O portão

Chegamos depois de uma viagem estafante. Botei o carro na garage, tranquei o portão, nem sei como. Dormimos. Acordamos cedo e o portão não abria. Uma corrente vagabunda num furo em armengue nos impedia de tomar o rumo da rua. O indigitado portão de madeira, pintado de cinza desbotado, com dois metros e meio de altura por quatro metros de comprimento, que abria em duas folhas para dentro do quintal, isto é, desde que aberto o cadeado e retirada a corrente, mais parecia um muro intransponível, um leviatã entre a casa e o mundo lá fora.

Enquanto tentávamos abrir a gambiarra, compartilhamos alguns minutos de silêncio e visível irritação mútua. Um primeiro momento de frustração irrompeu entre o relacionamento iniciante de nós dois, pessoas ávidas por fazer boas escolhas, diante de um passado de desacertos. Enfim, num trabalho unido, ela puxava e eu empurrava, ufa... Conseguimos destravar a corrente e desunir as abas do canhestro portão. Pronto: em segundos, a liberdade estava de volta, retorna a felicidade nos nossos semblantes e uma paz glamourosa reina no universo, rompido aquele verdadeiro “muro de Berlim”. Um dia agitado por passeios e eventos pôde, enfim, tomar o caminho planejado. E o portão foi novamente trancado.

Assim que saímos, chega à rua um caminhão de entregas e, quando um gato atravessa sua frente, o motorista desvia e se choca no portão que, gigante, resiste ao impacto. O caminhão capota. A polícia vem e flagra um bando de saqueadores dos eletrodomésticos, ora espalhados pela rua lado do caminhão tombado. O povaréu não se intimida e depredam a viatura, enquanto os policiais saem em fuga. Chegam os reforços policialescos e tiros são ouvidos. As balas resvalam no portão e pessoas fogem para o mato no fim da rua. A polícia assume o controle da rua até que, na casa vizinha ao portão, uma quadrilha escondida depois de realizarem roubos à mão armada na região, revidam no tiroteio. Vários tiros atingem policiais e bandidos. A rua se tinge de púrpura, o ar cheira pólvora e o vento espalha o terror de gemidos de dor. O portão recebe respingos de sangue, até que uma chuva forte lava as cores invasoras e recupera o grisalho original. Após o toró que se tornou chuva de granizo, um tornado se cria, passa pela rua e arranca coqueiros pela raiz, derruba postes e levanta o asfalto. O portão resiste. Depois do tornado, uma nuvem de gafanhotos famintos invade a rua e devora os últimos côcos, as derradeiras palmeiras e todos os portões de madeira, exceto o portão cinza, amarrado por corrente e cadeado. Já era o fim de um dia e tanto, depois das “sete pragas do Egito”, quando o maior de todos os males surge na rua. Eis que num forte nevoeiro, um disco voador aterrissa lotado de ETs maléficos, em frente ao portão e miram nele seus raios prateados que calcinaram planetas inteiros na Via Láctea. Contudo, resiste o portão, impassível aos disparos, para terror dos humilhados assassinos intergalácticos. Restou a eles uma acachapante fuga, quando ouvem a aproximação de nosso automóvel, de volta ao seu cantinho neste mundo.

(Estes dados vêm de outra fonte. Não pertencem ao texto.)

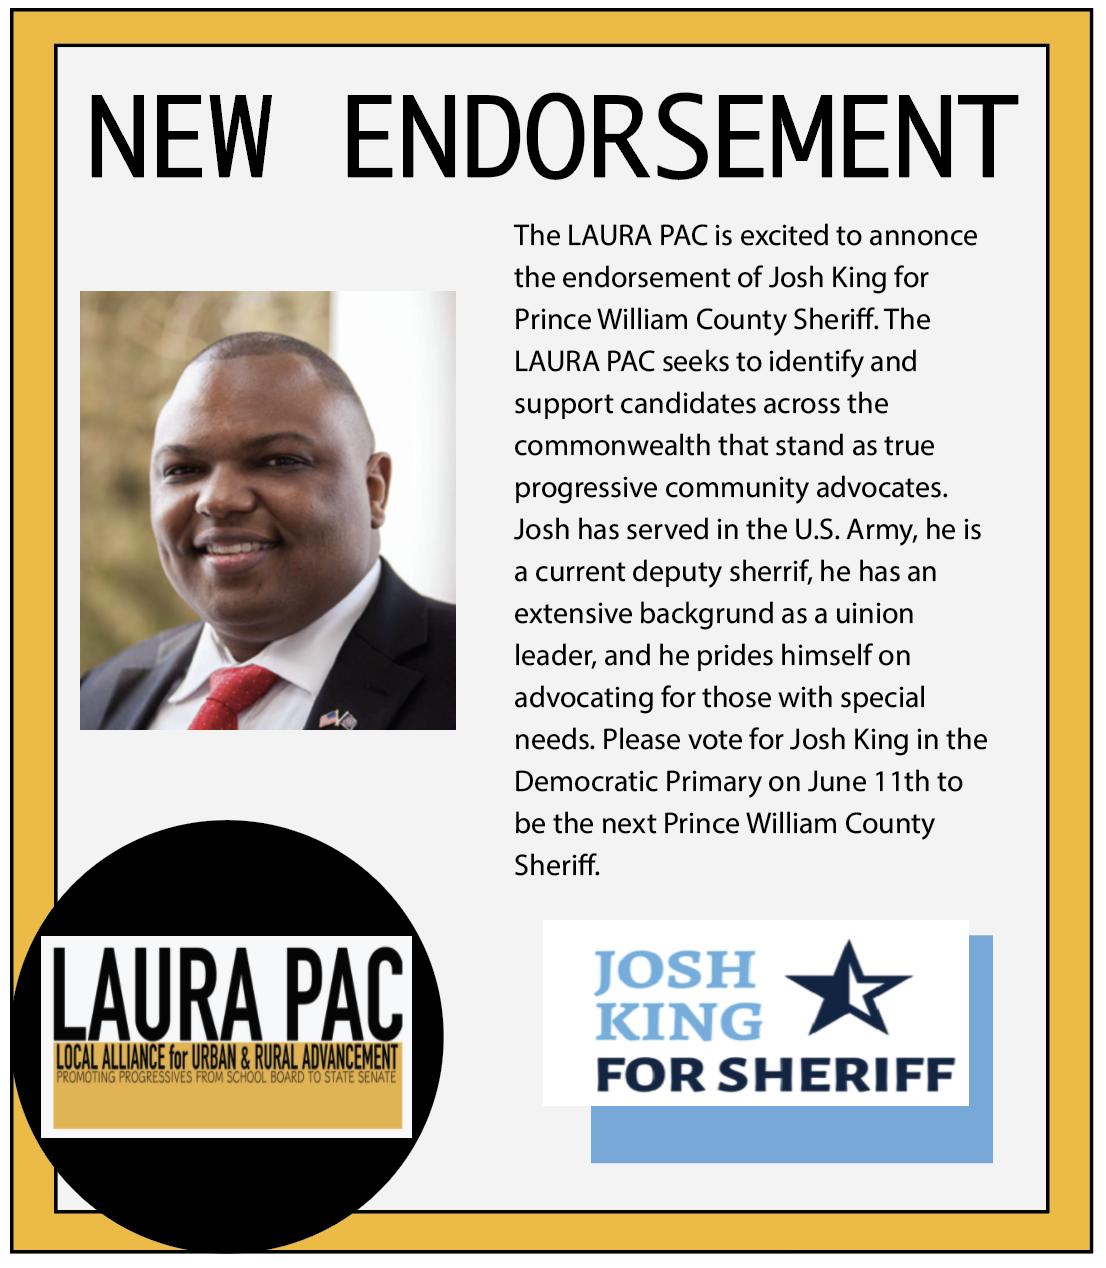 LAURA PAC Josh King PWC Sheriff.png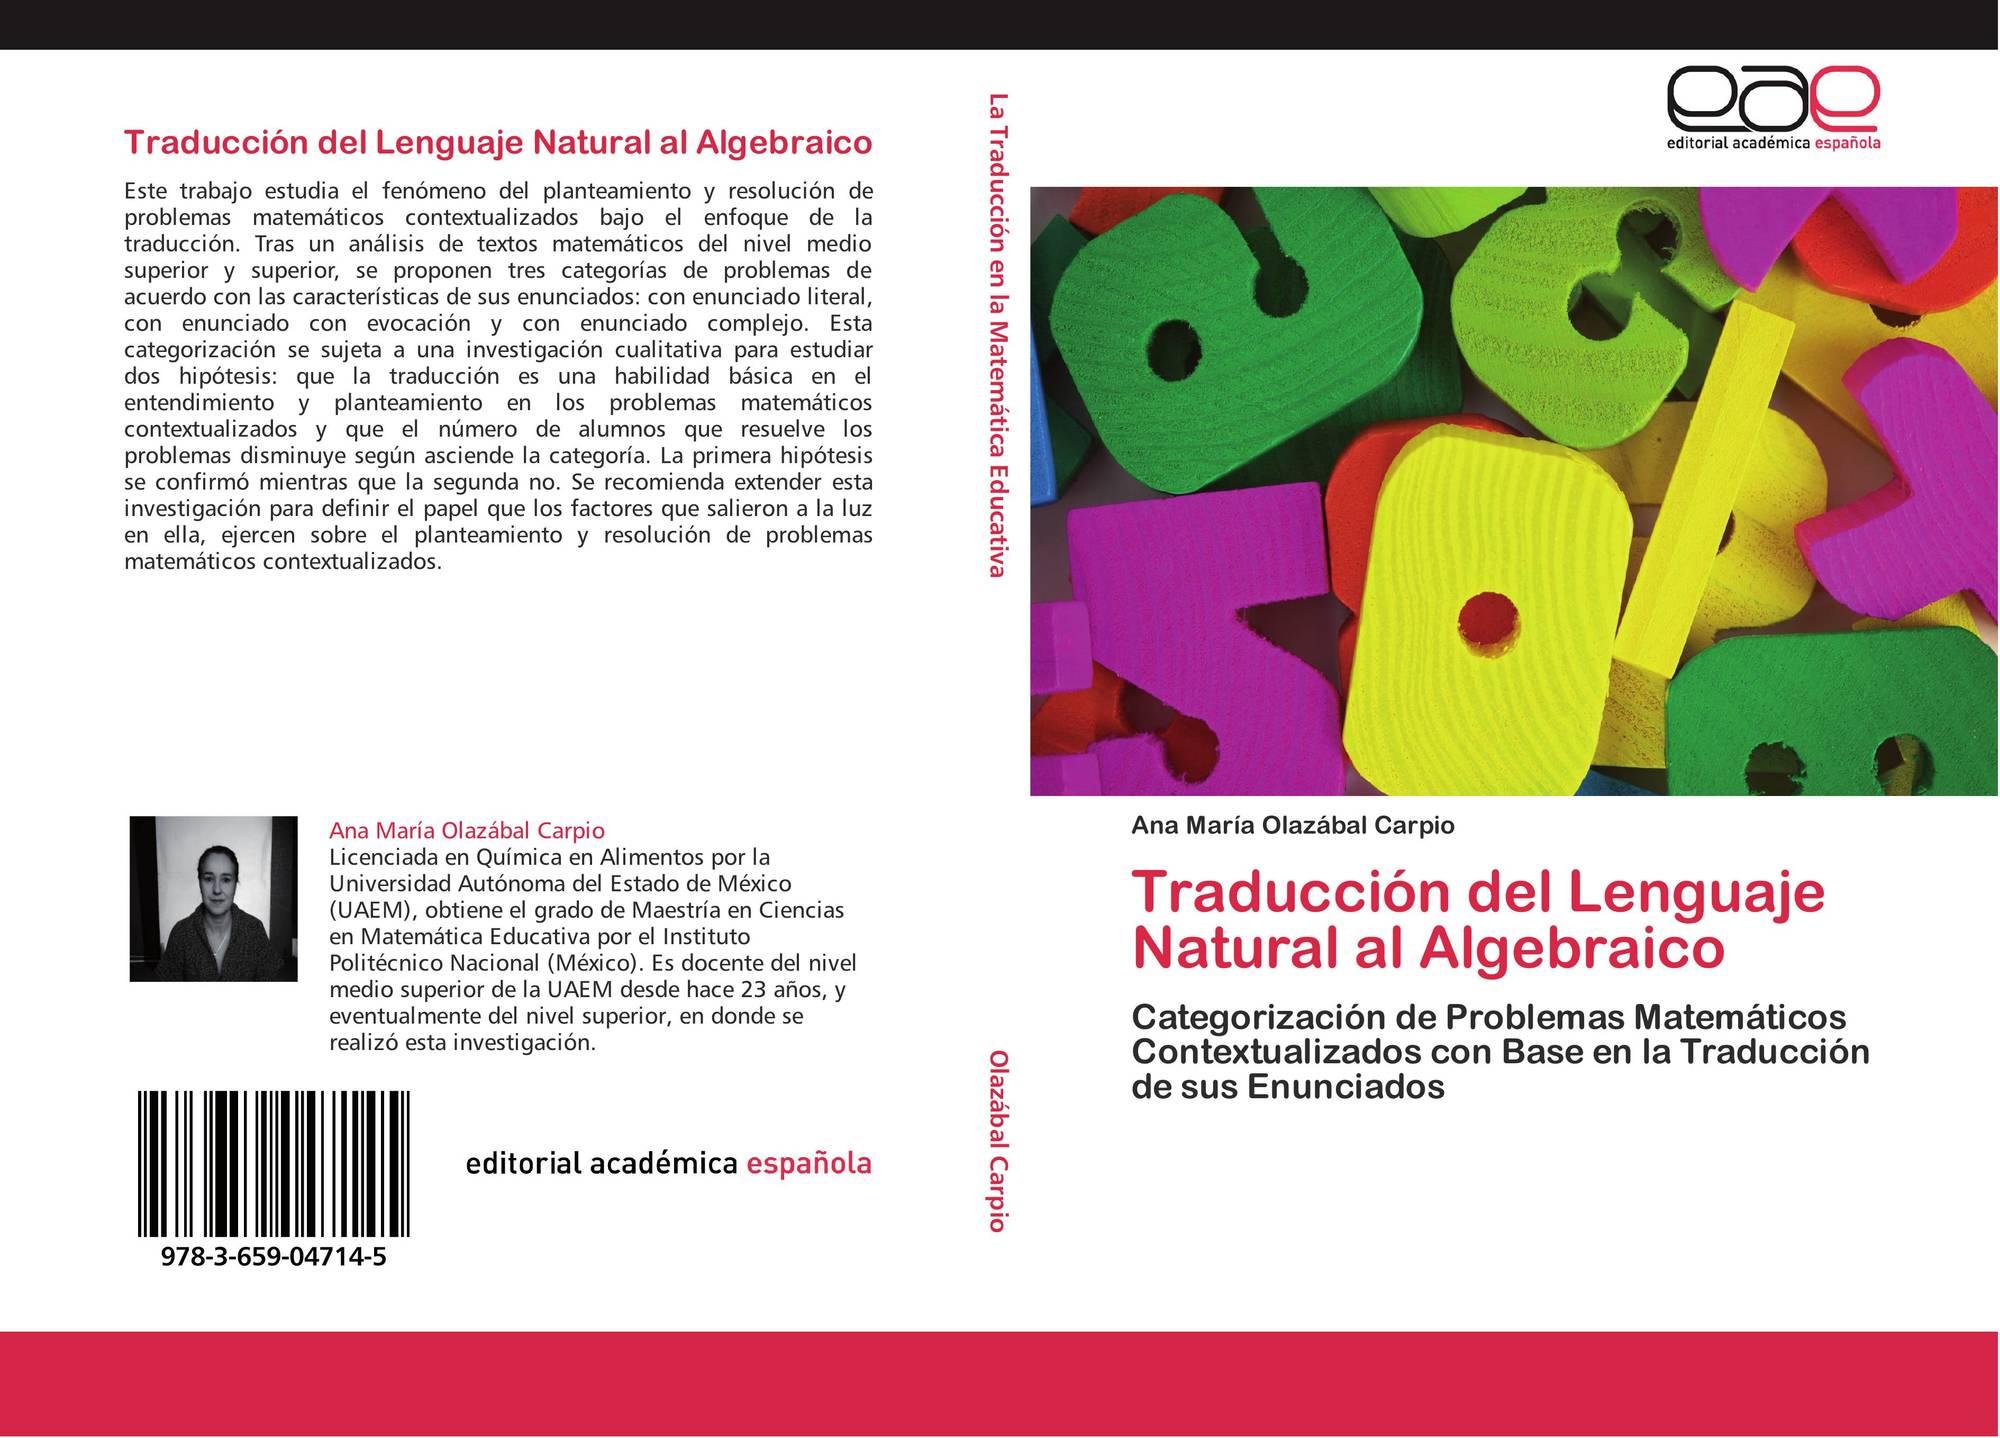 Traduccion Del Lenguaje Natural Al Algebraico 978 3 659 04714 5 3659047147 9783659047145 Por Ana Maria Olazabal Carpio

Chegamos depois de um dia agitado. A rua estava deserta. O portão estava lá, pronto para árdua tarefa de ser aberto e pior ainda, de ser fechado depois, com corrente e cadeado. Para a surpresa e gratidão de todos nós, o portão se abriu, o carro entrou, o portão se fechou, a corrente passou, o cadeado travou e dormimos felizes e seguros naquela noite tranquila, sem qualquer consciência de que mesmo as nossas maiores angústias, os mais fortes dramas e as mais dolorosas perdas podem ser somente bênçãos disfarçadas.